GB2326542A - Acoustically controlled lamp dimmer - Google Patents

Description

AN ACOUSTICALLY OPERATED CONTROL DEVICE FOR LIGHTING APPARATUS The present invention relates to an acoustically operated control device for lighting apparatus and more particularly to a such a device that is used to control the illumination brightness of the lighting apparatus.

Devices for controlling the intensity of lighting apparatus are well known particularly in domestic applications (they are often referred to as "dimmer switches"). Such devices generally include a variable potentiometer that is used to control the firing angle of a driving circuit that controls the power delivered to the load. Generally devices of this kind are manually controllable by a rotary knob or the like.

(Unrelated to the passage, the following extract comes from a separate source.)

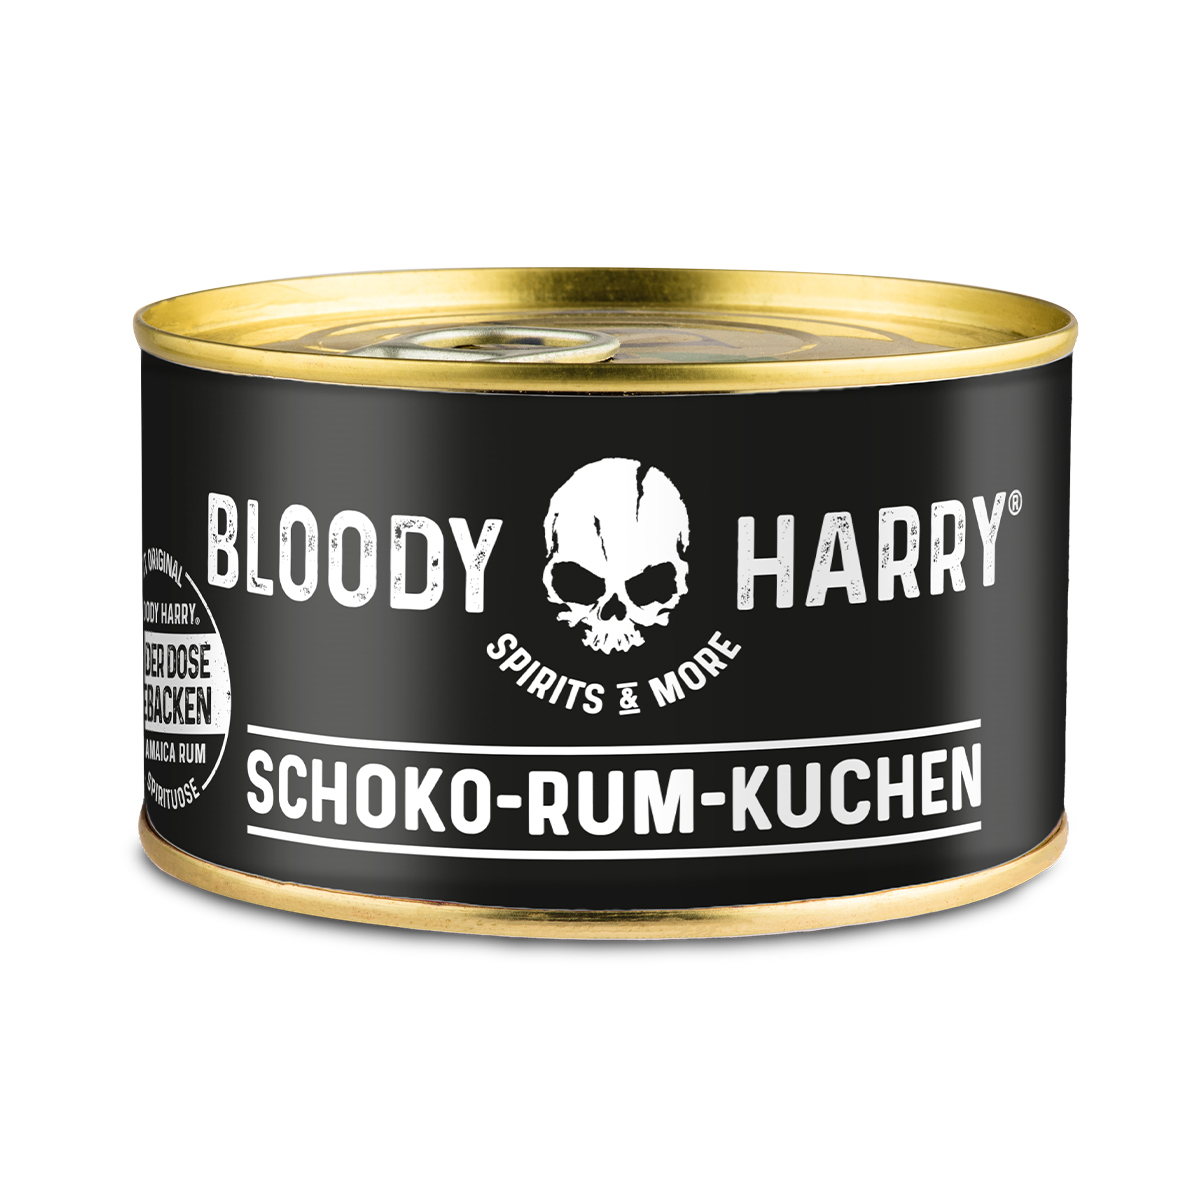 BLOODY HARRY Schoko-Rum-Kuchen in der Dose, 200g

As an alternative to manual operation, such a device can be operated by means of an infra-red remote control. Although convenient, a remote control is relatively expensive, requires a battery power supply, is prone to being lost and requires a special tuning circuit to avoid disturbance of other domestic appliances.

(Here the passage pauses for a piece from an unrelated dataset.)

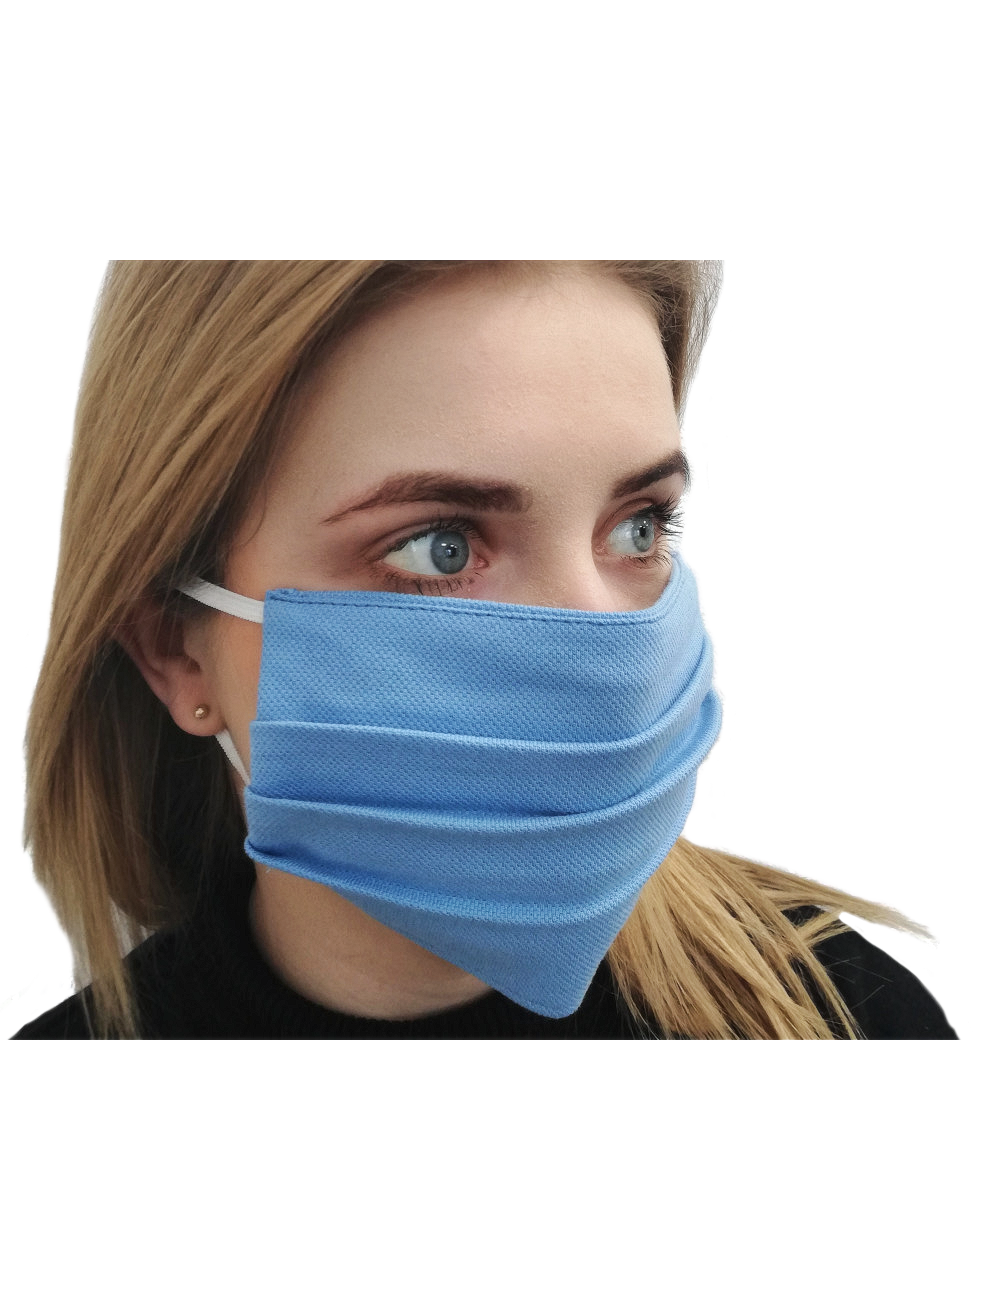 Streetwear blaue Schutzmaske für Mund und Nase
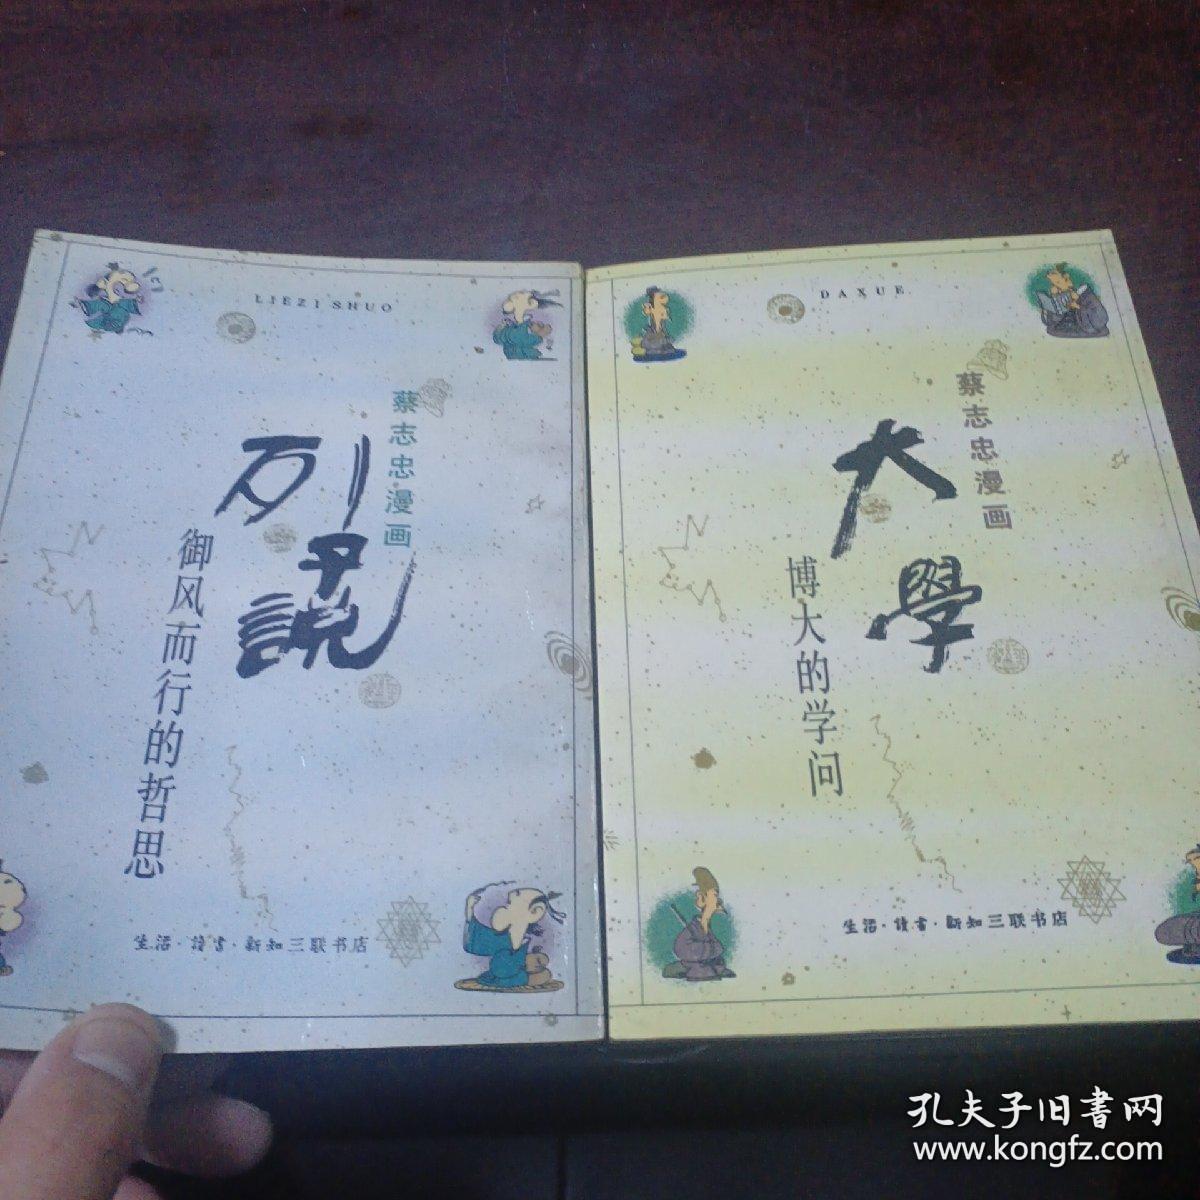 蔡志忠漫画两册合售

It is also known to control the intensity of light emitted from a lamp by touch.

In such a device touching a conductive part of the base of the lamp (or a pull cord that operates the lamp) causes a capacitance change which can be detected and used to control the power supplied to the bulb either in a step-wise or continuous fashion.

Control of the bulb brightness is only possible by manual interaction with a part of the lamp apparatus. One example of such a device as described in US patent number 4668877.

It is an object of the present invention to obviate or mitigate the aforesaid disadvantages.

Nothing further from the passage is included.